Sorry for barging in here, but just to clarify, the 12" width is at the sides, right? It's a bow front so it's wider in the centre.


----------



## MELLO (Apr 21, 2010)

90 Gal. L 48.5 x W 18 x H 29, according to the website.
cause its a bow starts at 12'' on the sides then goes wider. Center is 18''


----------



## Chappy (Apr 21, 2010)

Buy it Franck - it's already been a perfect discus tank


----------



## MELLO (Apr 21, 2010)

-N/A- it's already been a perfect discus tank ;)[/QUOTE said:


> it will be a nice discus show tank. If I was still in show tanks I will definetely keep this one.
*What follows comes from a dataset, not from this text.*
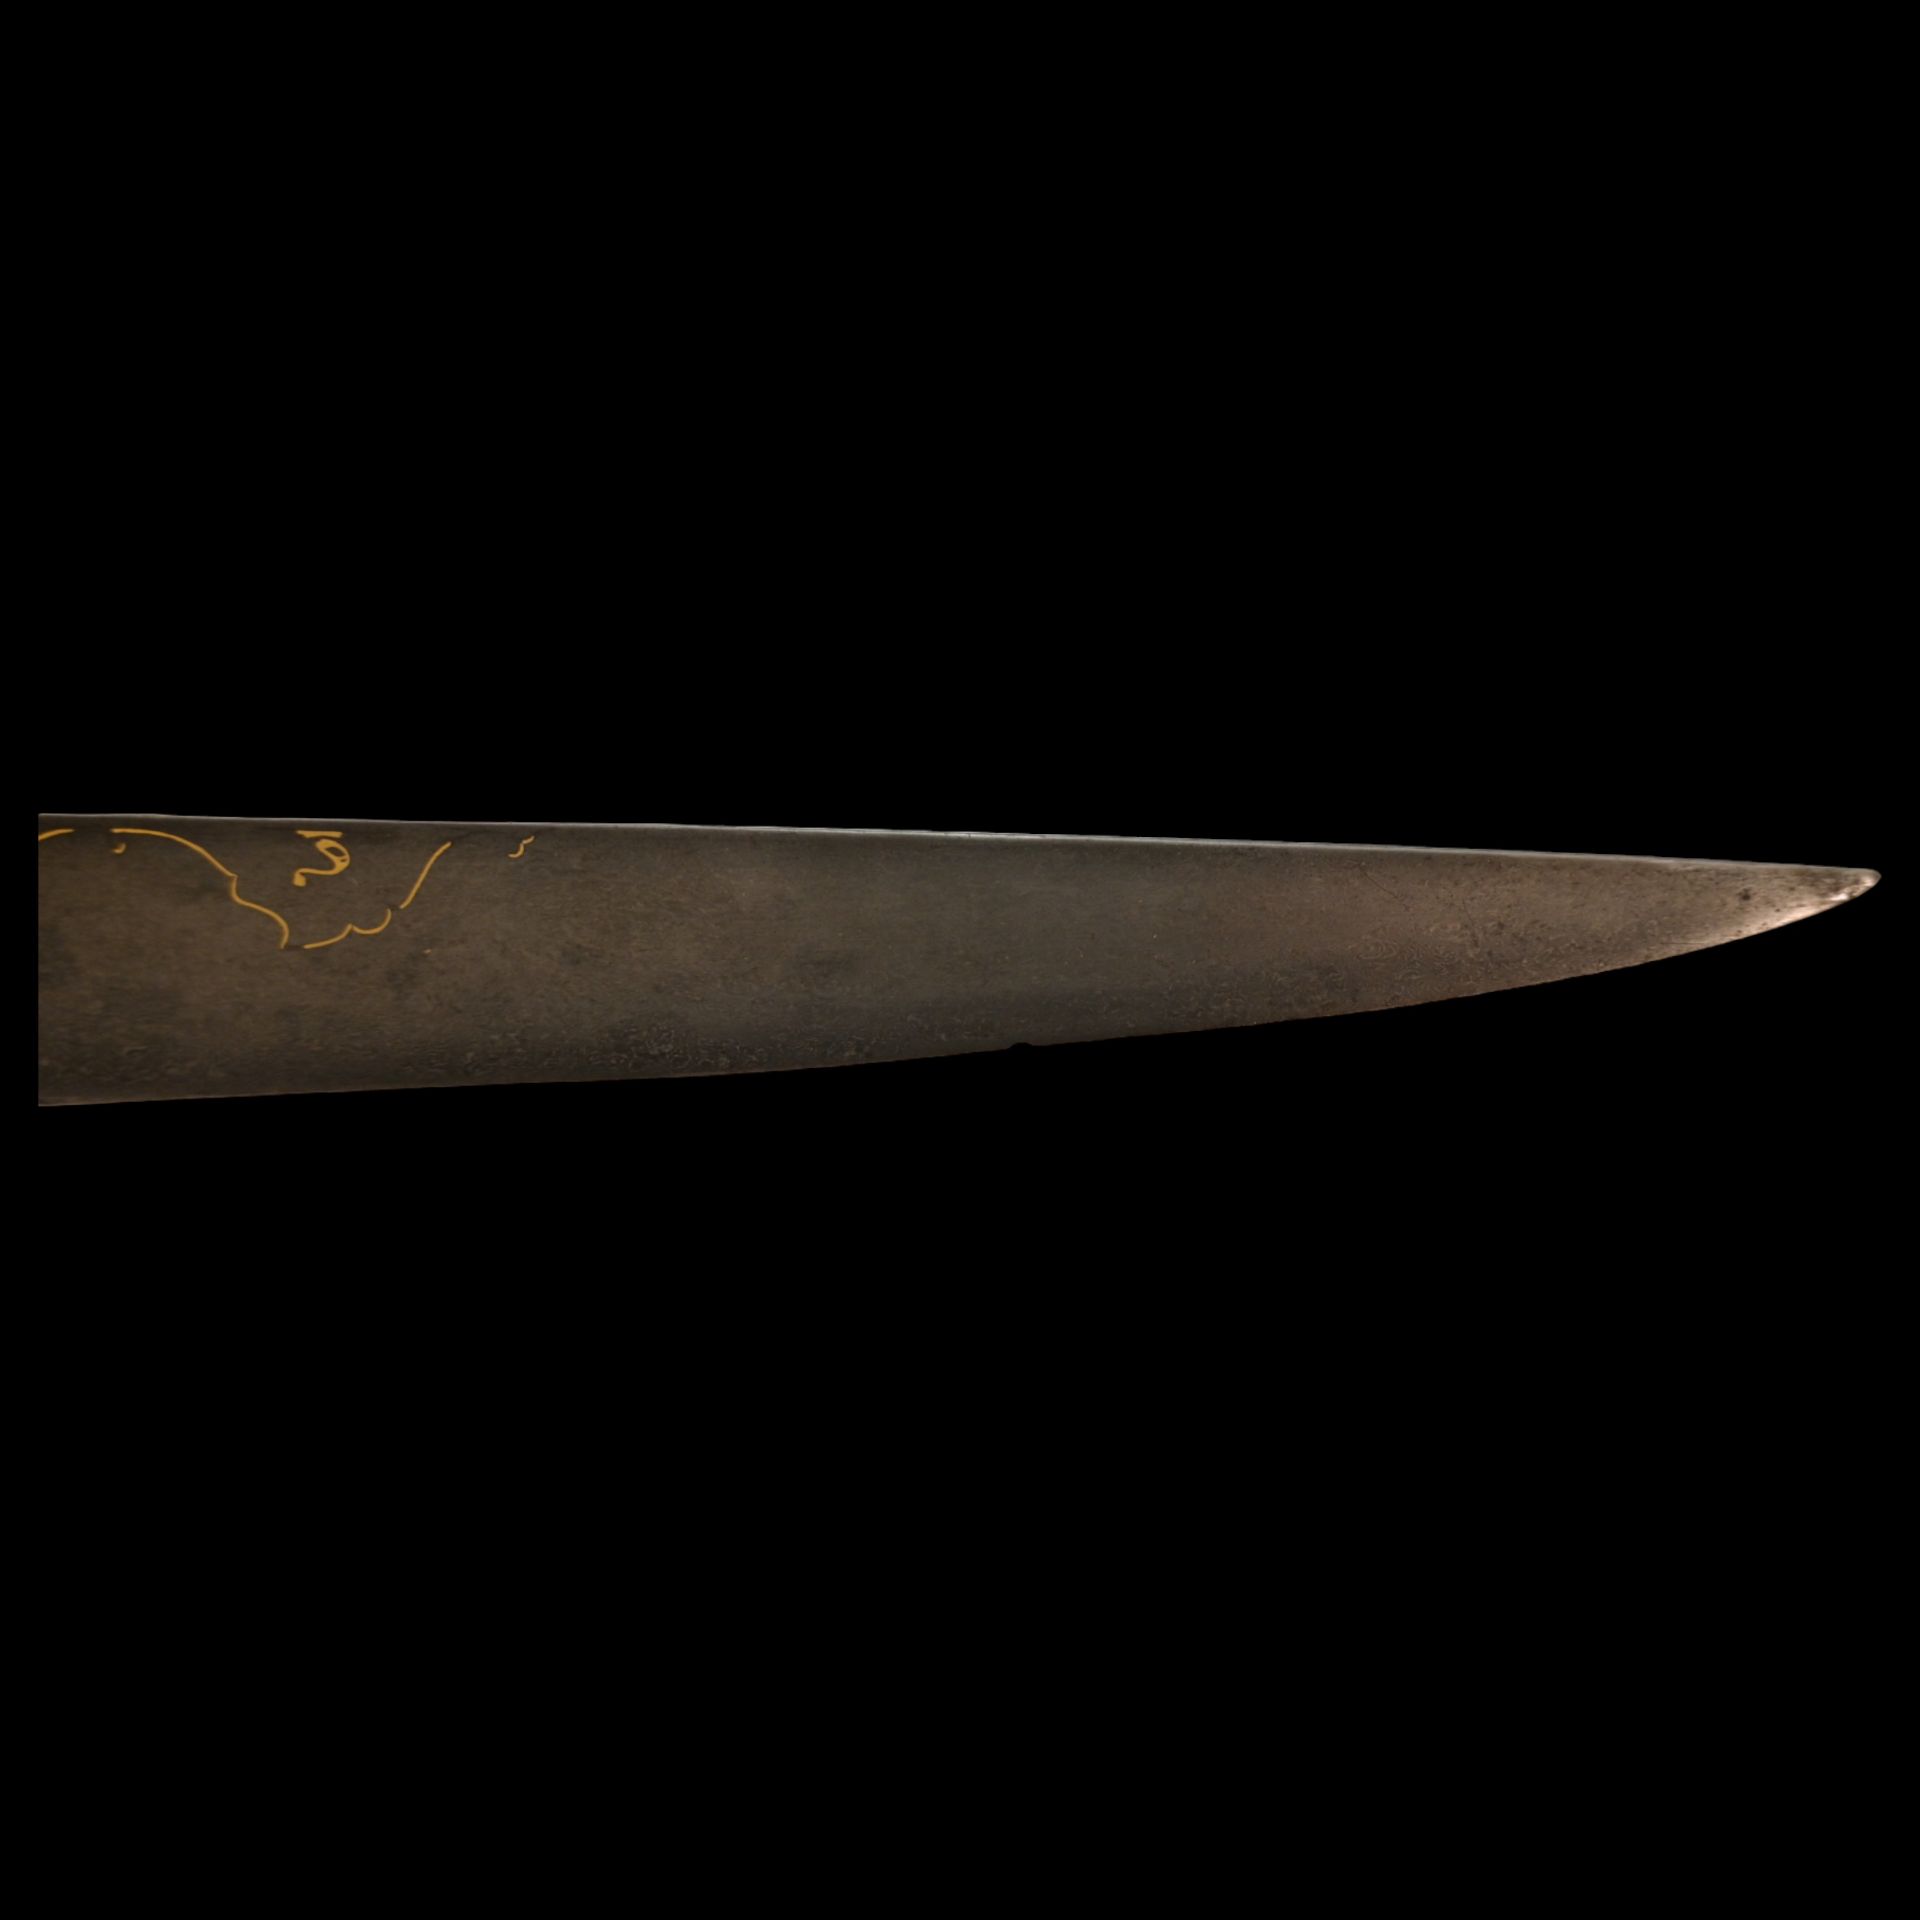 A PERSIAN ZAND DYNASTY KARD DAGGER WITH WOOTZ BLADE AND GOLD INLAY. - Image 26 of 27
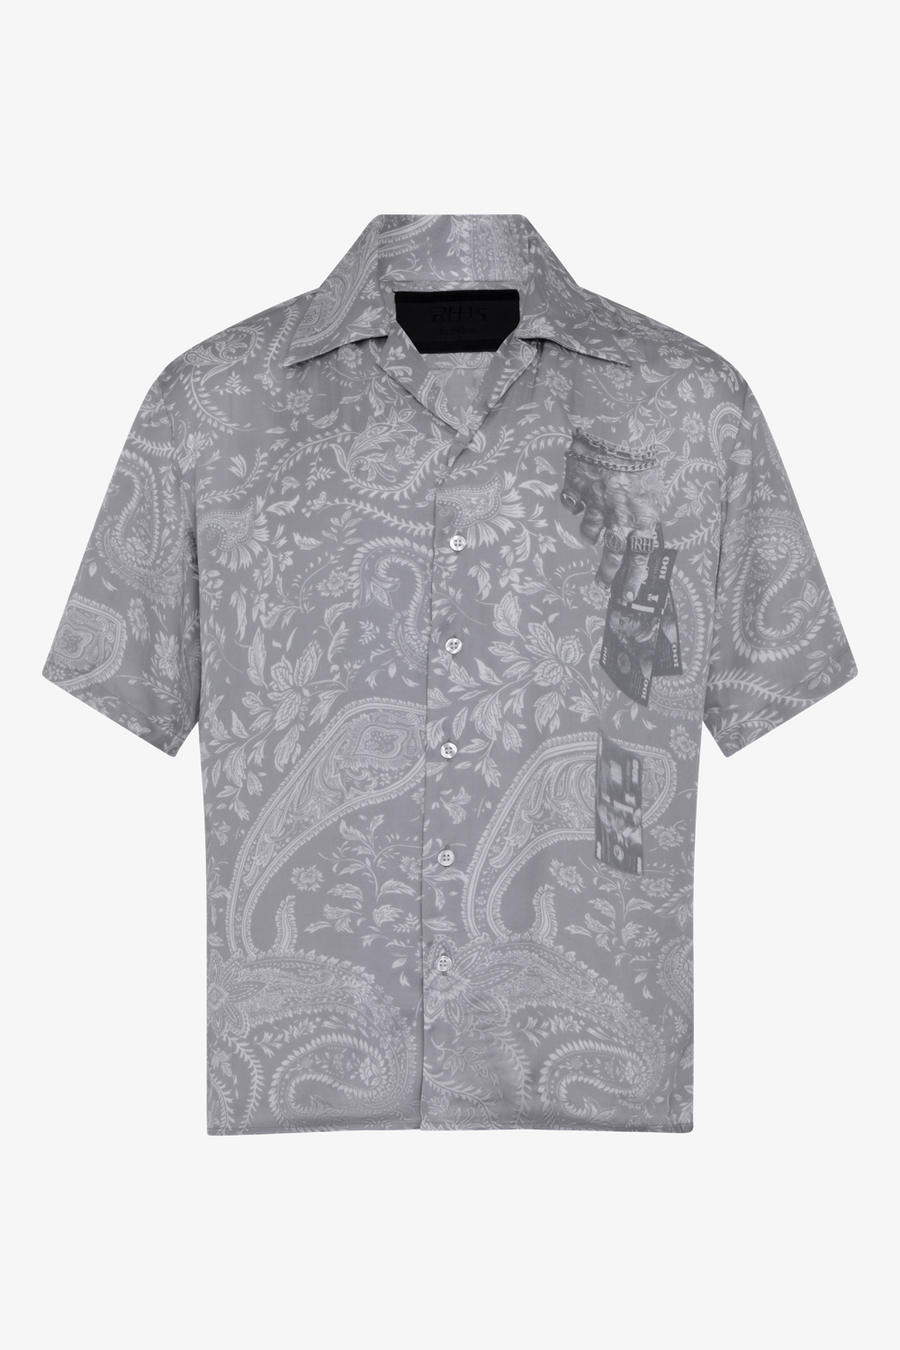 Buy the RH45 Pluto Hawaiian Shirt in Grey at Intro. Spend £50 for free UK delivery. Official stockists. We ship worldwide.

Right now my mind is set into something.


----------



## MELLO (Apr 21, 2010)

This is what it look like before when I had it as a discus show tank.


----------



## frd72 (Apr 26, 2010)

is the tank drilled for overflow??


----------



## MELLO (Apr 21, 2010)

tank is drilled but I took out the overflow box when I used it for discus. When It was salt I just built the rocks around the pipe so it wont be visilble.


----------



## MELLO (Apr 21, 2010)

Here's a picture before I tear it down. All livestock and liverock
are sold!

















Sump


----------



## MELLO (Apr 21, 2010)

willing to trade +/- cash for freshwater setup. 
looking for 50-75 gallon setup that I will be using for my discus. 
Preferable size
-50 gallon 3 feet
-75 gallon 4 feet 

or $600 firm for the whole thing.


----------



## jandk (Aug 18, 2011)

My tank is the same dimensions. 48" wide, 18" high, 12" width (18" at center) but mine is only 72 g.. Are you sure it's 90g?


----------



## MELLO (Apr 21, 2010)

Same dimensions but I stated mine is 29" tall


----------



## malibu aka justinking (Apr 26, 2010)

wana trade for a 125?


----------



## MELLO (Apr 21, 2010)

Thanks for the offer! but I'm looking for tanks that I will use to breed and growout discus. 125 is to big.


----------



## malibu aka justinking (Apr 26, 2010)

ok no prob


----------



## MELLO (Apr 21, 2010)

bump!!!!!!


----------



## monkE (Aug 4, 2010)

beauty set up and great price! wish i could fit it in my place! how about a trade + cash for a 46 bowfront cichlid tank? 

click the link on my signature for info on the tank


----------



## monkE (Aug 4, 2010)

ok now that i think about it, would you want to trade + cash for my 77 gallon planted tank? 
again see the link on my signature for details. If the price is right i'd be very interested to do this


----------



## Diddlmous (Oct 7, 2011)

nice :0) !!


----------



## MELLO (Apr 21, 2010)

sold!!!!!!!!!!!!!!!!!!!


----------